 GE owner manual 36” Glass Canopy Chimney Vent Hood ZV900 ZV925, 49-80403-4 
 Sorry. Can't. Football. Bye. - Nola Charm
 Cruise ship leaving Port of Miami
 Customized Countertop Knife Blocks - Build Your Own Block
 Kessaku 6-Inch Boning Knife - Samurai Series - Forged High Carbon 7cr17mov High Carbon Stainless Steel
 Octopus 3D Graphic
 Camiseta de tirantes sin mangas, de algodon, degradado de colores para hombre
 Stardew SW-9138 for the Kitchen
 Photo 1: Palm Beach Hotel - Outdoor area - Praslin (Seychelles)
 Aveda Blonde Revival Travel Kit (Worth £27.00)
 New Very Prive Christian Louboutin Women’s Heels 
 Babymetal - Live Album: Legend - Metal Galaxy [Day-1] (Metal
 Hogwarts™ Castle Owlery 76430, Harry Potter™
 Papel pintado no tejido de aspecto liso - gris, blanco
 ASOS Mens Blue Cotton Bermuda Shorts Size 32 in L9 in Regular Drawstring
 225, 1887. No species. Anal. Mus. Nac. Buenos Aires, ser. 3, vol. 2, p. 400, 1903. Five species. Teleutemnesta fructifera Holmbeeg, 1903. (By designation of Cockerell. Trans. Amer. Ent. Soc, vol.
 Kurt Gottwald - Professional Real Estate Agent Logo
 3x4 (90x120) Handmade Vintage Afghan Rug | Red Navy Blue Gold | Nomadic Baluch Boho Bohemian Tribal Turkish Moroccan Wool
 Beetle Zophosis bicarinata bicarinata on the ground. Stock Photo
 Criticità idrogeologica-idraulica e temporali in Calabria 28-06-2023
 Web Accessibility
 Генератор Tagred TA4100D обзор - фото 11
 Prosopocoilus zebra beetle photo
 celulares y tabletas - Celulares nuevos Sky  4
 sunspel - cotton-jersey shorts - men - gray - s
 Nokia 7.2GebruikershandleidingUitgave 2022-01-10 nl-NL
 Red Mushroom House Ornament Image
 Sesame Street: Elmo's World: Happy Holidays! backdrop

• Task prompt: From the records, copy out each line that includes the string "Knife".

• Response box:
 Customized Countertop Knife Blocks - Build Your Own Block
 Kessaku 6-Inch Boning Knife - Samurai Series - Forged High Carbon 7cr17mov High Carbon Stainless Steel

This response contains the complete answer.